Worte, die mich noch verfolgen, als ich die Ténéré längst gepackt habe und Cordoba südwärts verlasse. Kurs Mittelmeer, durch endlose Olivenhaine. Spannend wird es erst, als sich die A4050 mit der Sierra del Chaparral anlegt, bizarre weiße Kalkfelsen, tiefe Schluchten und grandiose Blicke aufs Meer. 1200 Höhenmeter und gefühlte 500 Kurven bis zur Costa del Sol - ein einziger Traum! Costa del Sol - der Ruf dieser von Betonbauten jeglicher Hässlichkeit vergewaltigten Küste ist legendär. Trotzdem entdecke ich zwischen Almuñecár und Nerja einen fast unberührten Küstenabschnitt mit alten Wachtürmen und unbesiedelten Buchten. Aber ab Torrox schlägt das Betonimperium gnadenlos zurück: endlose und gesichtslose Orte mit Lidl und Aldi, Urbanisationen, die neun Monate im Winterschlaf liegen, viel zu viel Verkehr, verbaute Aussichten und zerstörte Natur. Bleibt nur die Flucht ins Landesinnere, in die Sierras bei Ronda.

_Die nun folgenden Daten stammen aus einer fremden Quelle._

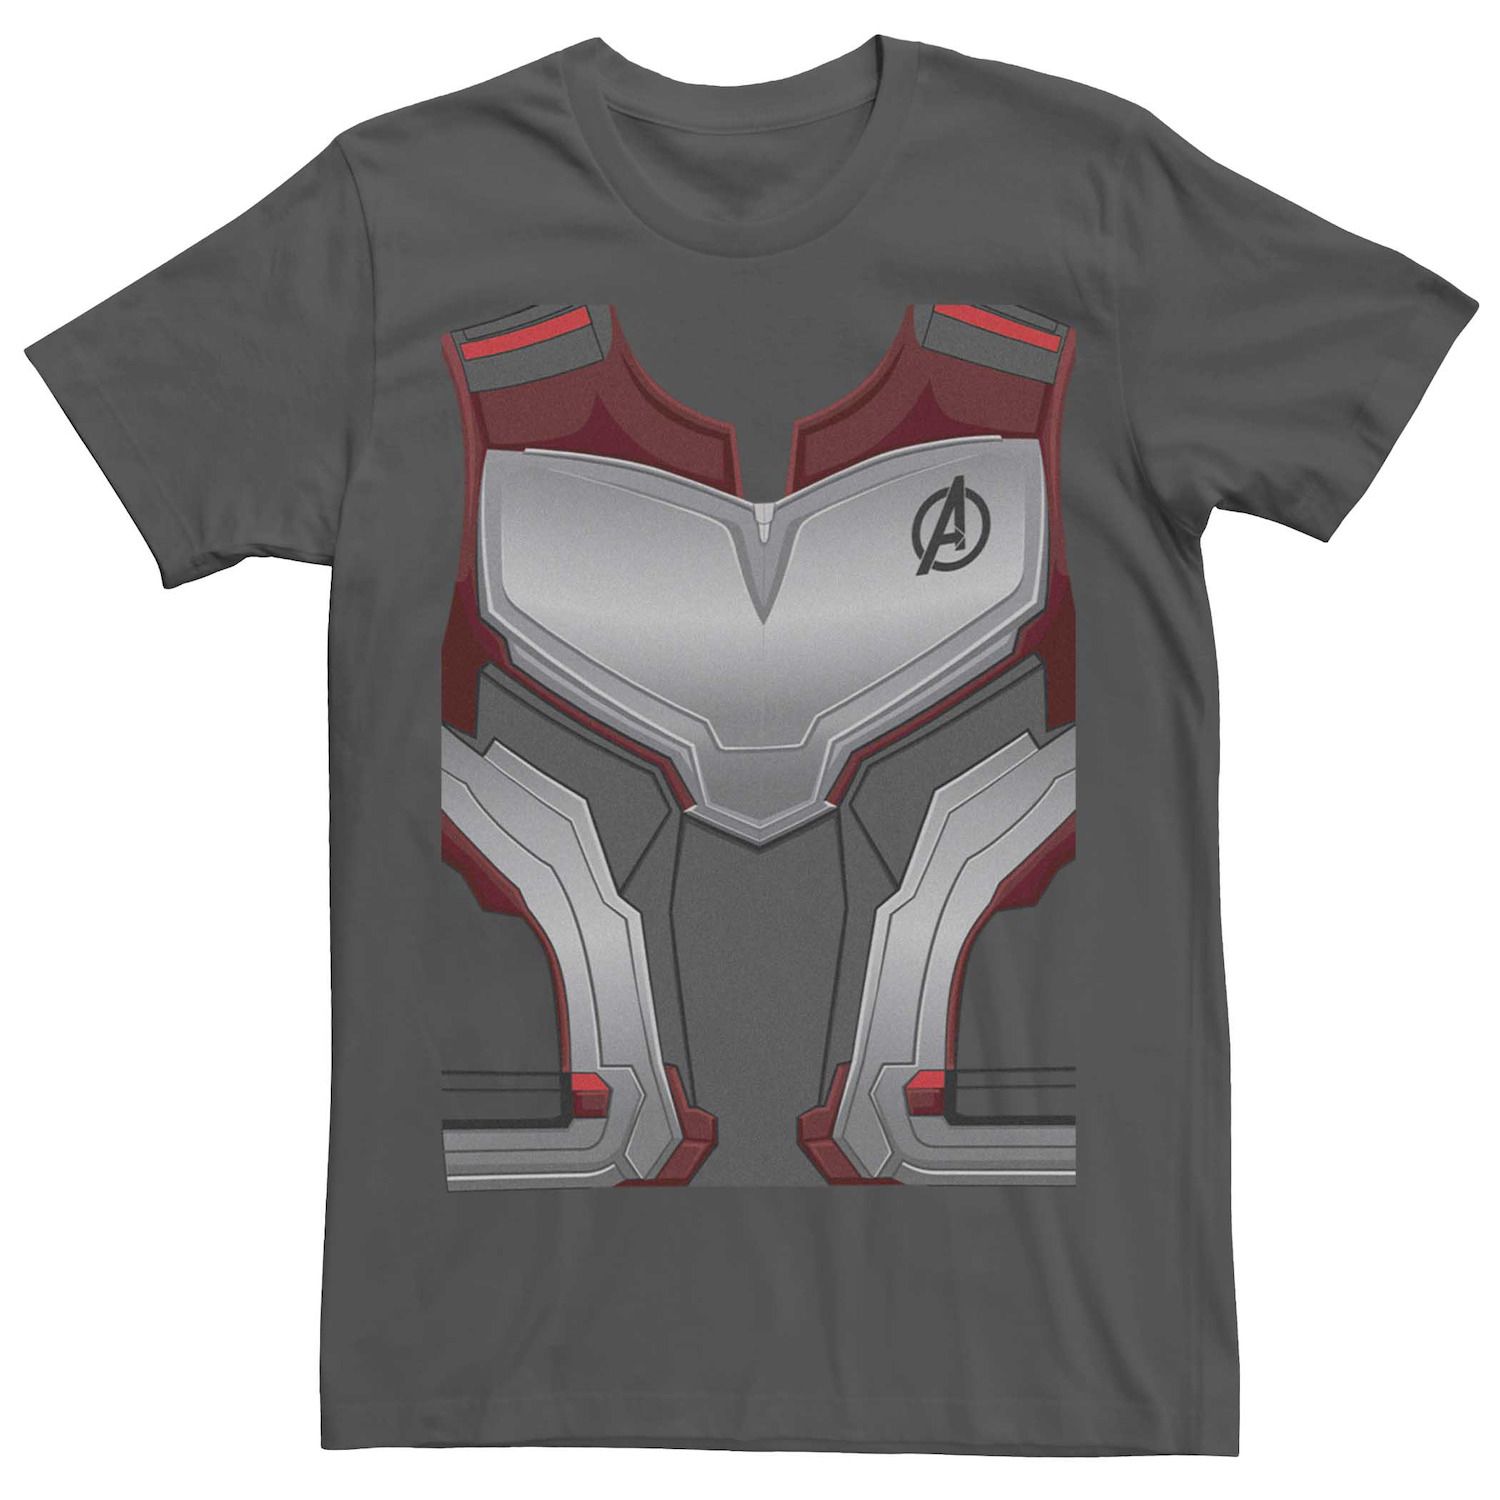 Мужской костюм-футболка Marvel Avengers Quantum Realm Licensed Character набор наклеек avengers endgame quantum realm suits

Kaum zehn Kilometer jenseits der Küste tauche ich wieder ein ins andere Andalusien, folge perfekten Motorradstrecken, die sich durch die grünen Berge winden und komme vorbei an den "pueblos blancos", schneeweißen historischen Dörfern, Attraktionen dieser Region. Eins davon ist Grazalema, der regenreichste Ort Spaniens zu Füßen der gleichnamigen Sierra. 2500 Millimeter Regen pro Jahr hieven Grazalema in die Top Ten von Europas Regenlöchern, neben so berüchtigten wie den schottischen Highlands.

Über den Puerto de las Palomas, den schönsten Pass weit und breit, schwinge ich nach Zahara, einem Bilderbuchdorf am gleichnamigen Stausee. Weiße Häuser kleben am Felsen, auf dem eine maurische Ruine thront. Die Ténéré ist für einige Gassen schon fast zu fett. Mit schleifender Kupplung balanciere ich die Fuhre über steile Pflasterwege hinauf bis zur Plaza. Das Café mit seinen leckeren Tapas kommt wie gerufen.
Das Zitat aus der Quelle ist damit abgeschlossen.